KUALA LUMPUR: Malaysian palm oil futures dropped as much as 5.7% on Tuesday, extending losses to a fourth session, hampered by weaker crude prices and as surging COVID-19 cases in key buyer China raised worries about demand.
The benchmark palm oil contract for May delivery on the Bursa Malaysia Derivatives Exchange closed 3.66% down at 6,128 ringgit ($1,457.31) a tonne.
Palm prices are under pressure with speculative selling at current levels and negative sentiment in both Chicago and Dalian, said Paramalingam Supramaniam, director at Selangor-based brokerage Pelindung Bestari.
Exports in March are better-than-expected, and production is almost above 25% for the first 10 days of March, said Supramaniam. “This added with speculative selling will certainly pressure prices in the 2Q of 2022.”
Exports of Malaysian palm oil products for March 1-15 rose 15.6% to 585,277 tonnes from the same period in February, cargo surveyor Intertek Testing Services said.
Investors were also closely watching for export tax and policy changes in Indonesia after the world’s top producer expanded a rule requiring companies to sell 30% of their planned exports domestically.
China reported a steep jump in daily COVID-19 infections on Tuesday, with new cases more than doubling from a day earlier to a two-year high as a virus outbreak expanded rapidly in the country’s northeast.

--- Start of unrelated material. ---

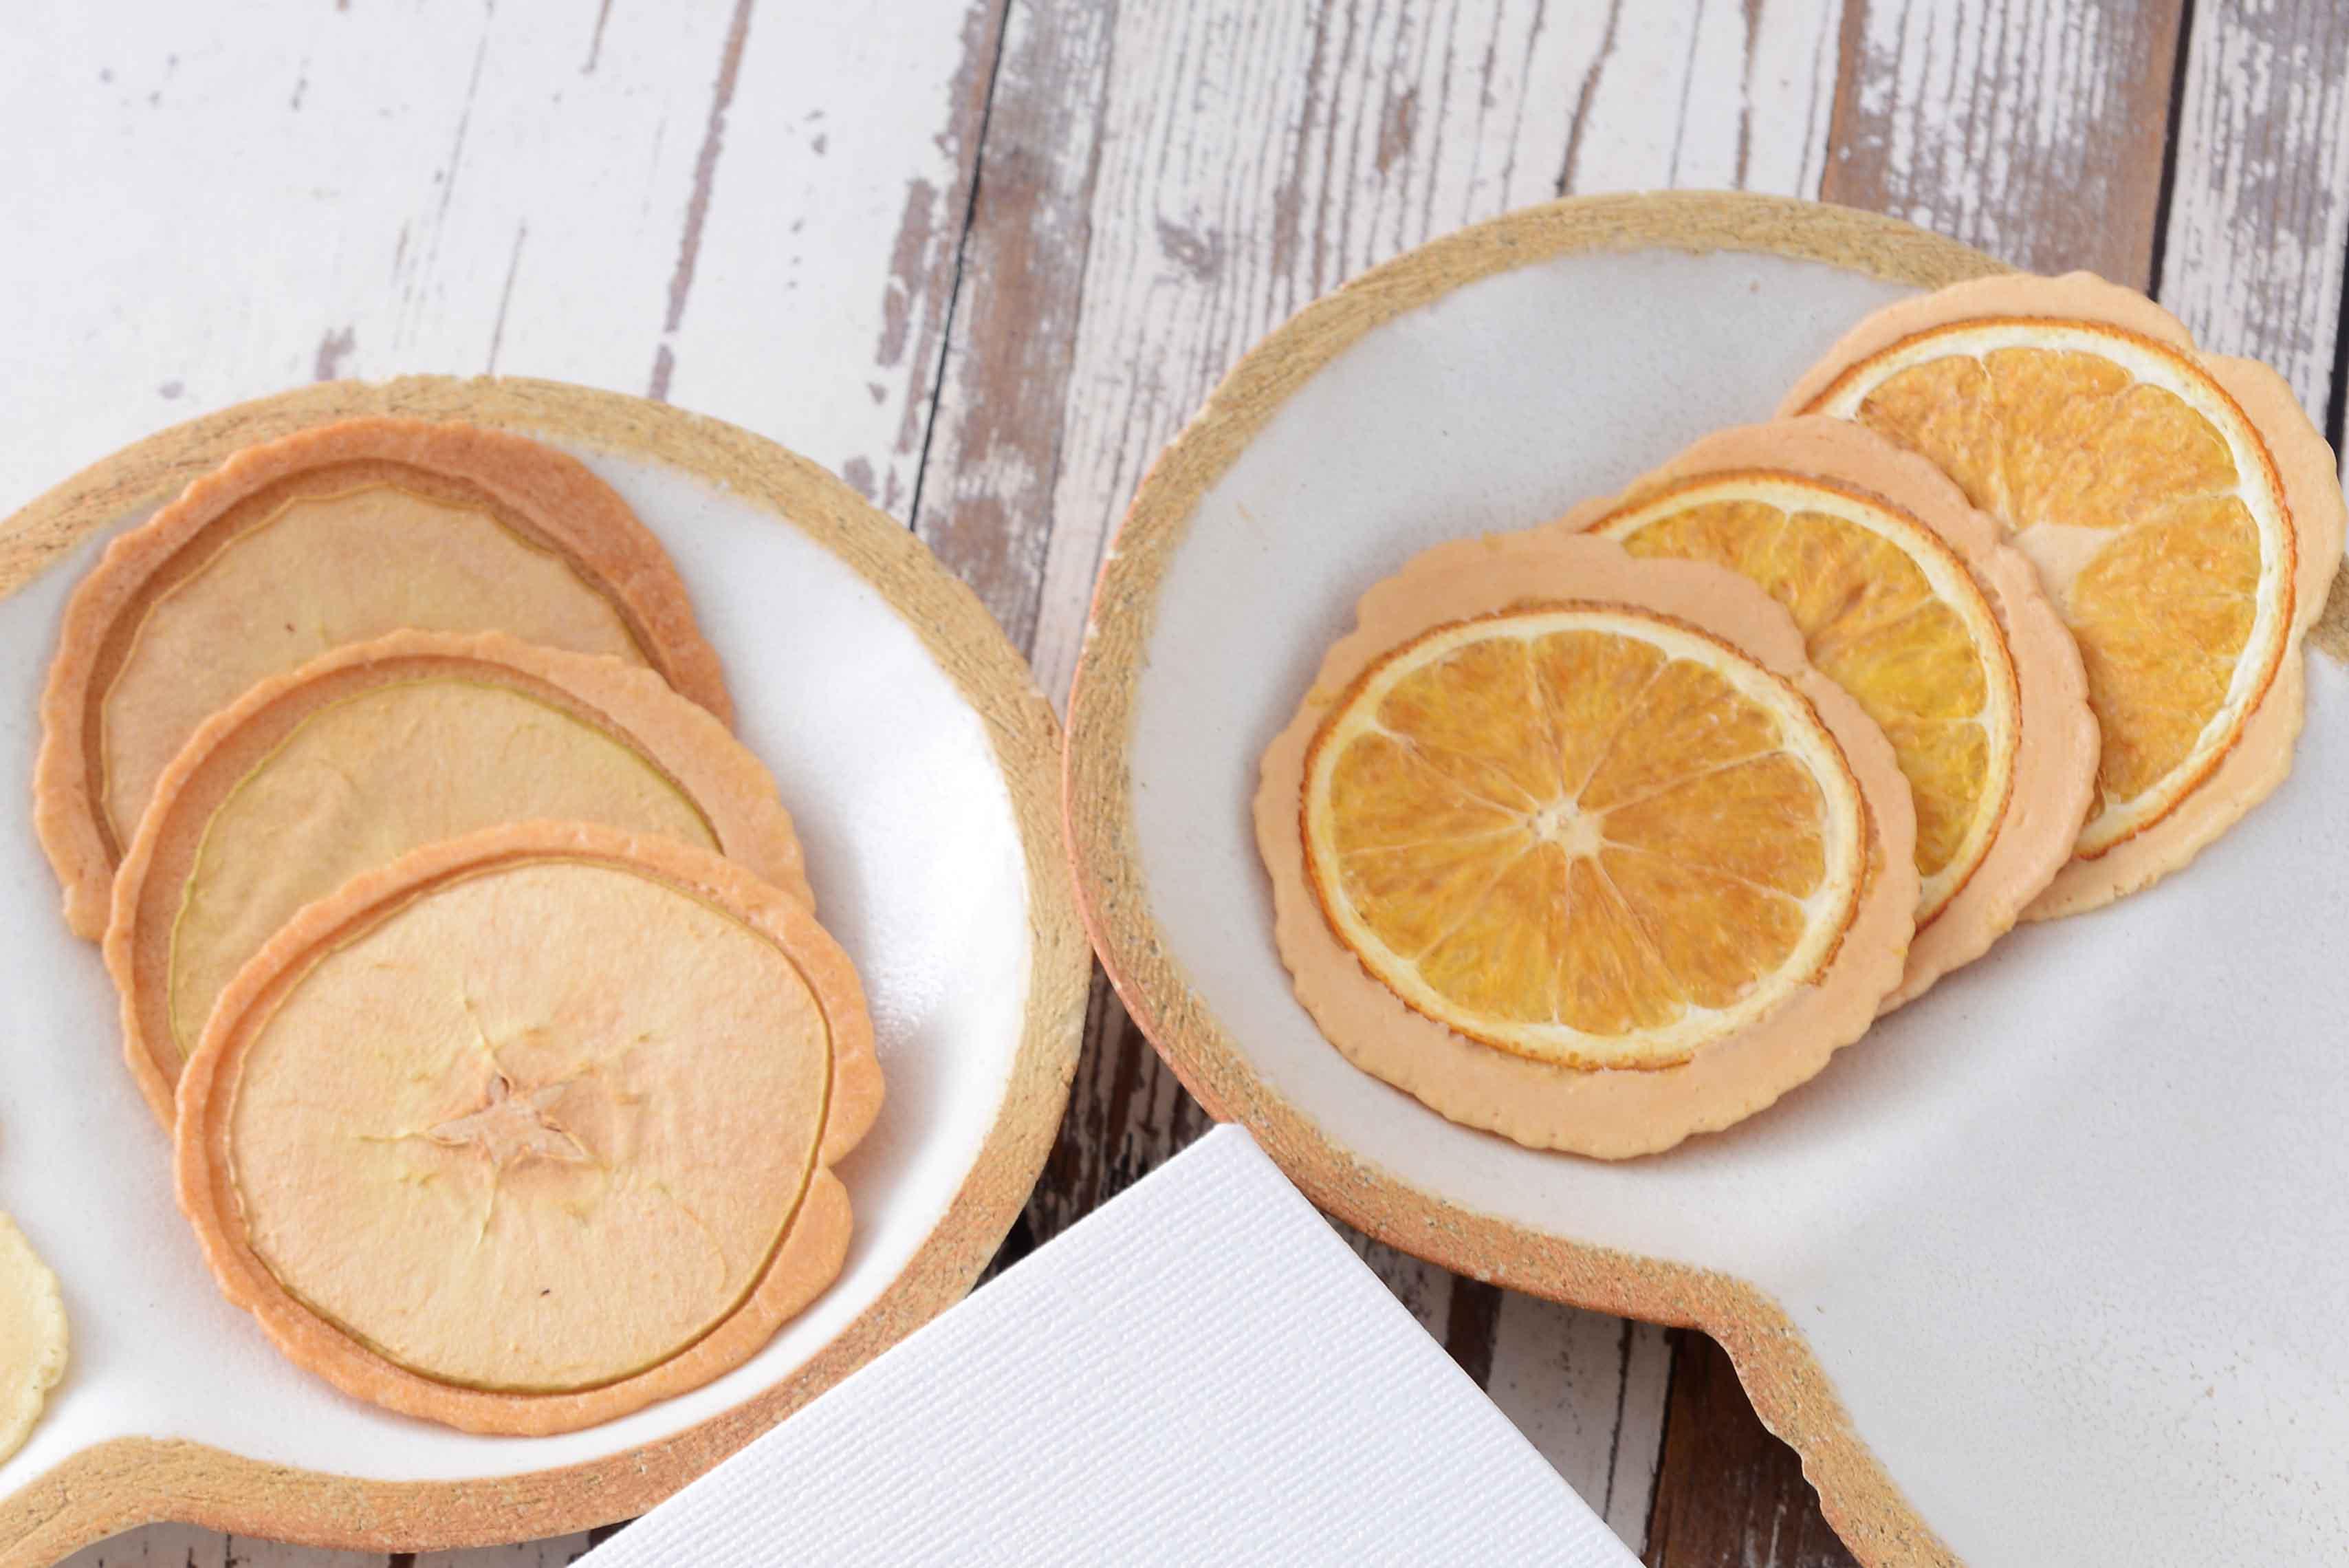 【美濃菓蔵2種入り:12枚】スライスフルーツを載せたはさみ焼きせんべい詰め合わせ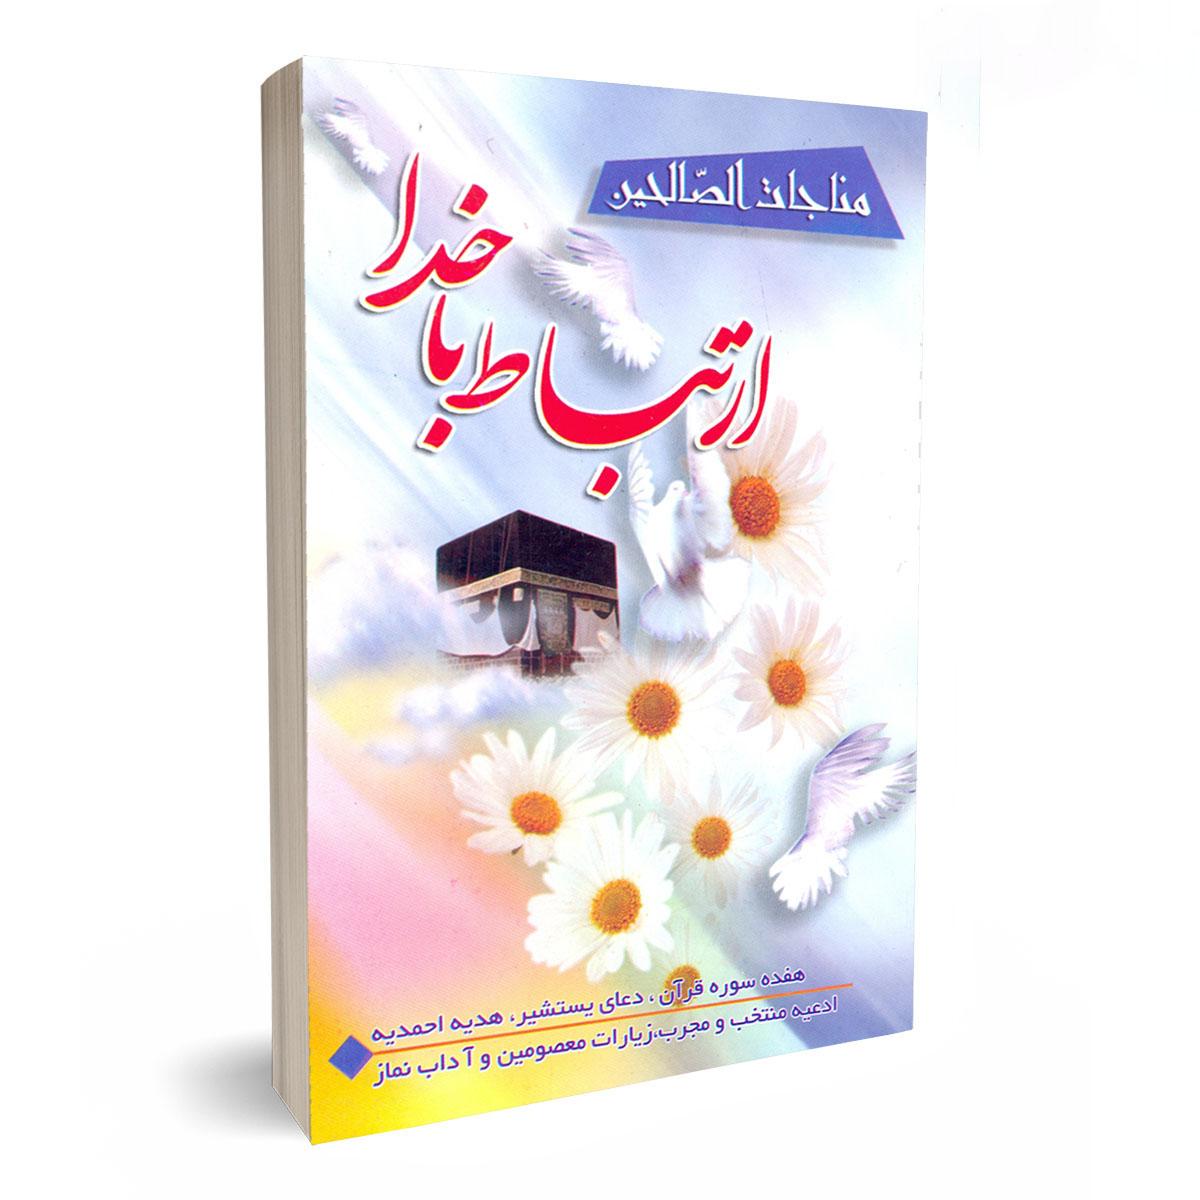 چاپ کتاب دعا برای اموات در تهران

Dalian’s most-active soyoil contract fell 1.9%, while its palm oil contract was down 5.2%. Soyoil prices on the Chicago Board of Trade declined 1.7%.
Palm oil is affected by price movements in related oils as they compete for a share in the global vegetable oils market.
Oil prices extended losses, sliding to a two-week low as ceasefire talks between Russia and Ukraine eased fears of further supply disruptions and surging COVID-19 cases in China fuelled concerns about slower demand.
Weaker crude makes palm a less attractive option for biodiesel feedstock.